Afinal o que faz de Toronto uma cidade tão atraente?
Será a arquitetura, um misto de metrópole com quarteirões de torres de dezenas de pisos, de edifícios vitorianos bem integrados na nova cidade e de bairros residenciais tranquilos e que podiam estar em qualquer cidade norte-europeia?
Será a criatividade e inovação vibrantes que se intuem das conversas, pessoas, cultura, montras, publicidade, empresas, universidades, espaços…?
Será por ser a quarta maior cidade da América do Norte e conseguir não ser impessoal apesar da escala?
Serão as pessoas e o ambiente acolhedor e multicultural que – muito além da tolerância – apela verdadeiramente à diversidade?
Muito provavelmente, será tudo isto e várias outras características que não cabem neste texto nem se apreendem em 4 ou 5 dias.
Convidamos-vos a passarem connosco uns minutos – não em Toronto mas nos nossos dias por lá, e no que da lá trazemos.

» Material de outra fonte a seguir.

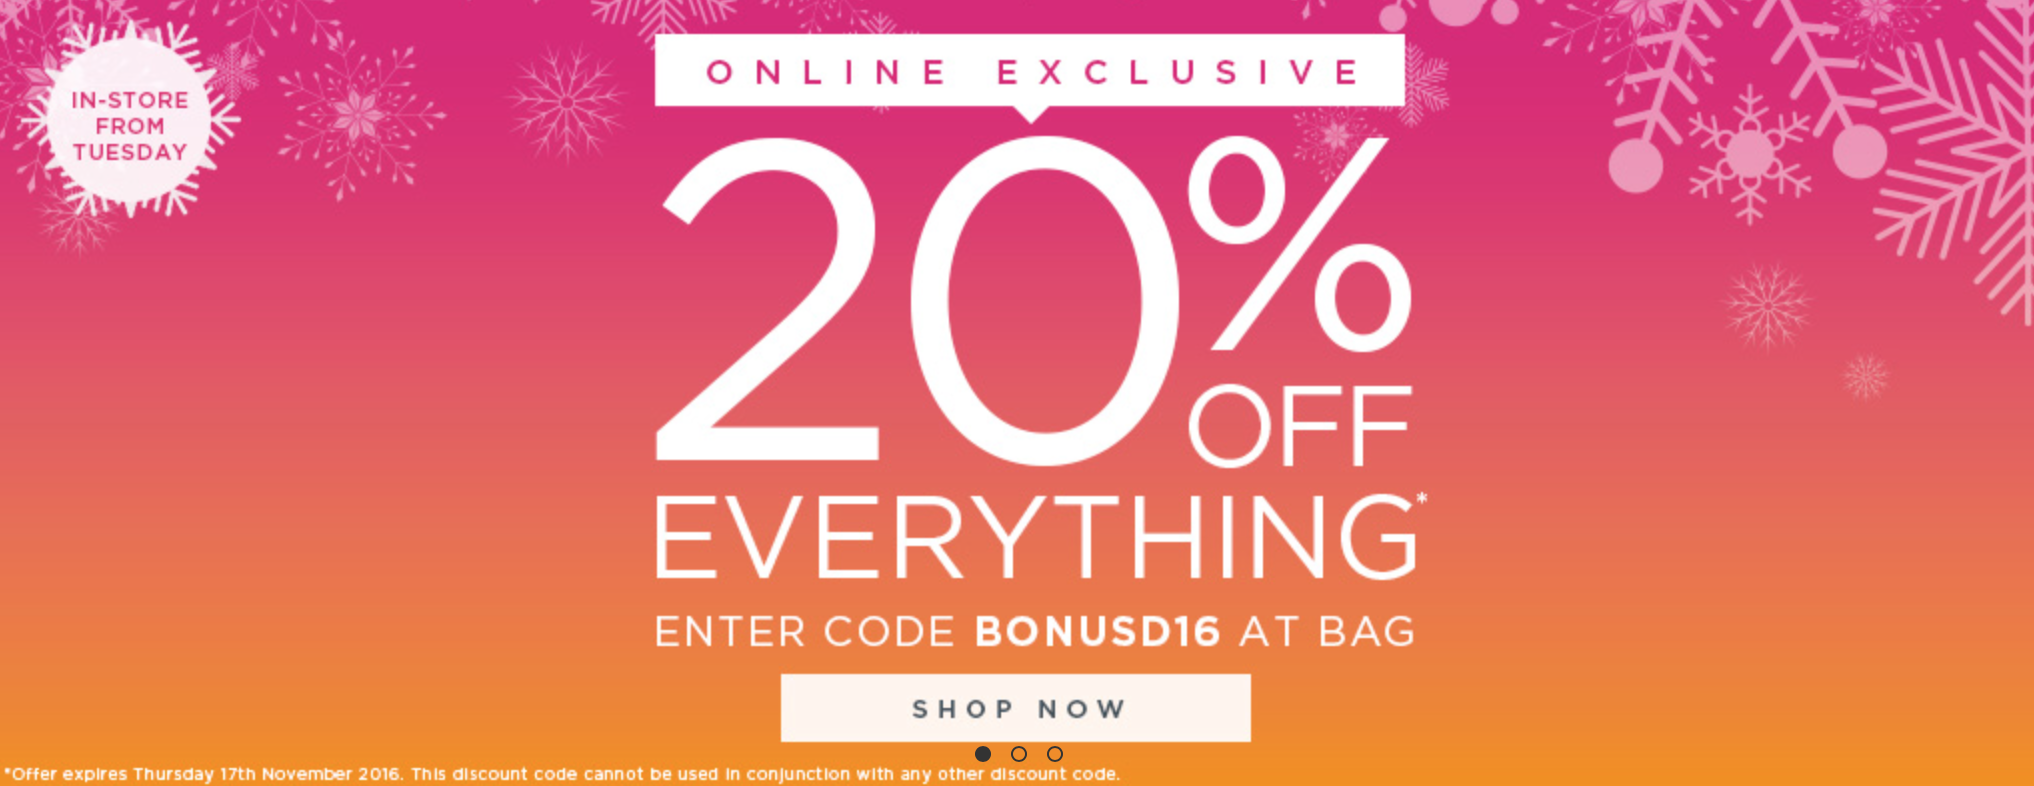 Bonmarche: 20% off everything
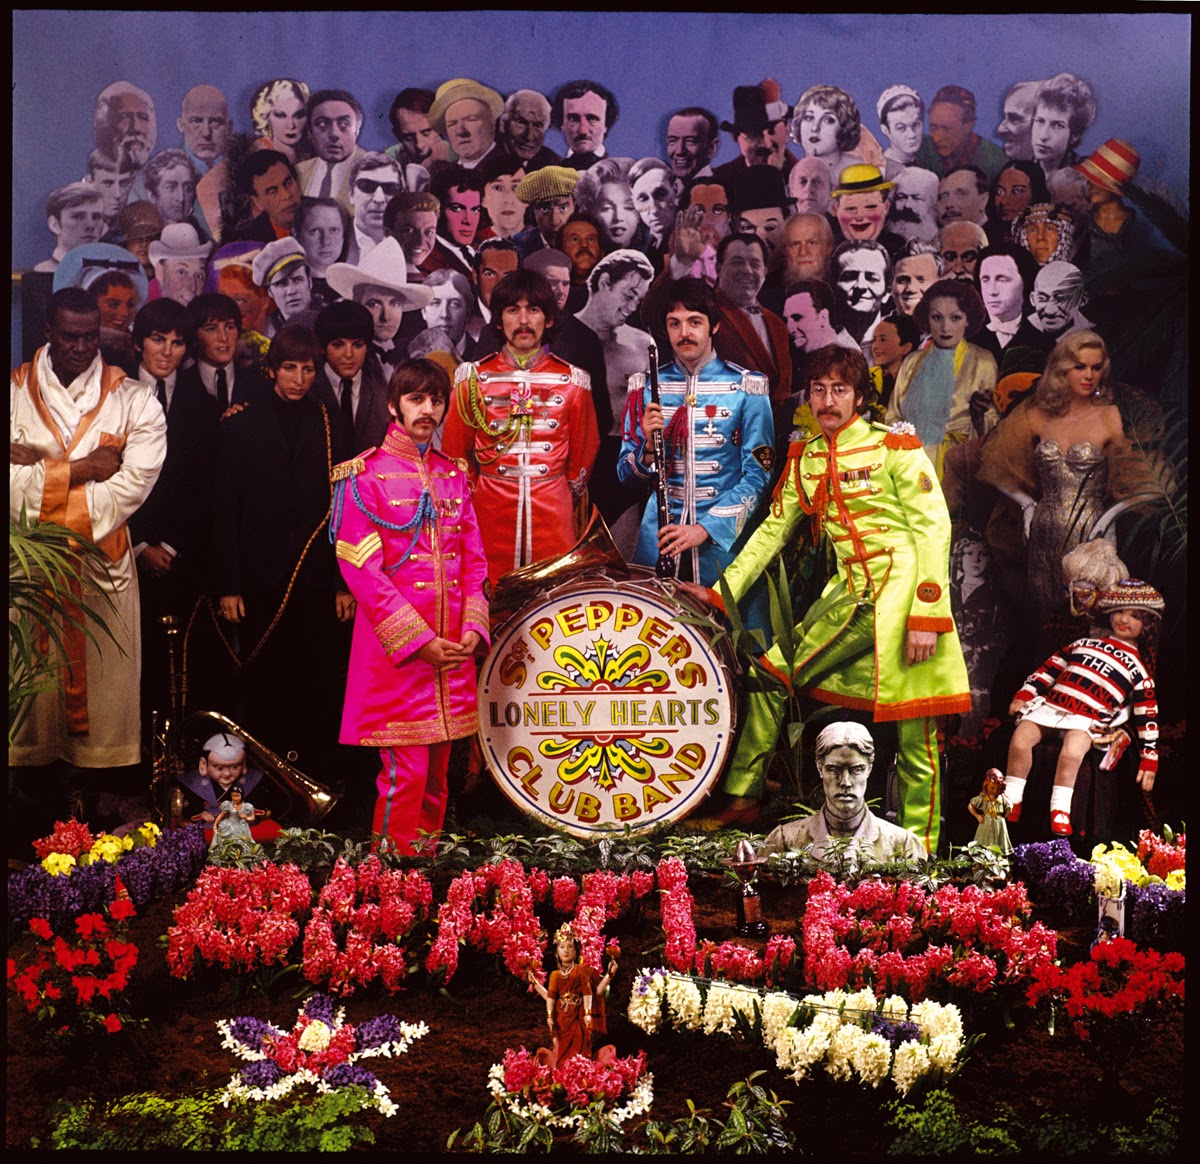 Sgt. Pepper's Lonely Hearts Club Band - Wikipedia

Bora?
Collision: America’s fastest growing tech conference
Quando dizemos que a Collision é a Web Summit do continente americano estamos a ser literais: os modelos são muito semelhantes, a dimensão é que (ainda) não. Esta primeira edição da Collision em Toronto teve 25,711 participantes de 125 países – mas a conferência ficará em Toronto por três anos e o espaço para crescer é enorme.
Tal como a Web Summit, a Collision é já muito mais do que um conjunto de talks e debates. É também um ponto de encontro e networking de quem trabalha nestas áreas, de startups e outras empresas, de quem investe e decide, de quem adquire – e um enorme showcase de muito do melhor que se faz pelo mundo inteiro em termos de inovação tecnológica.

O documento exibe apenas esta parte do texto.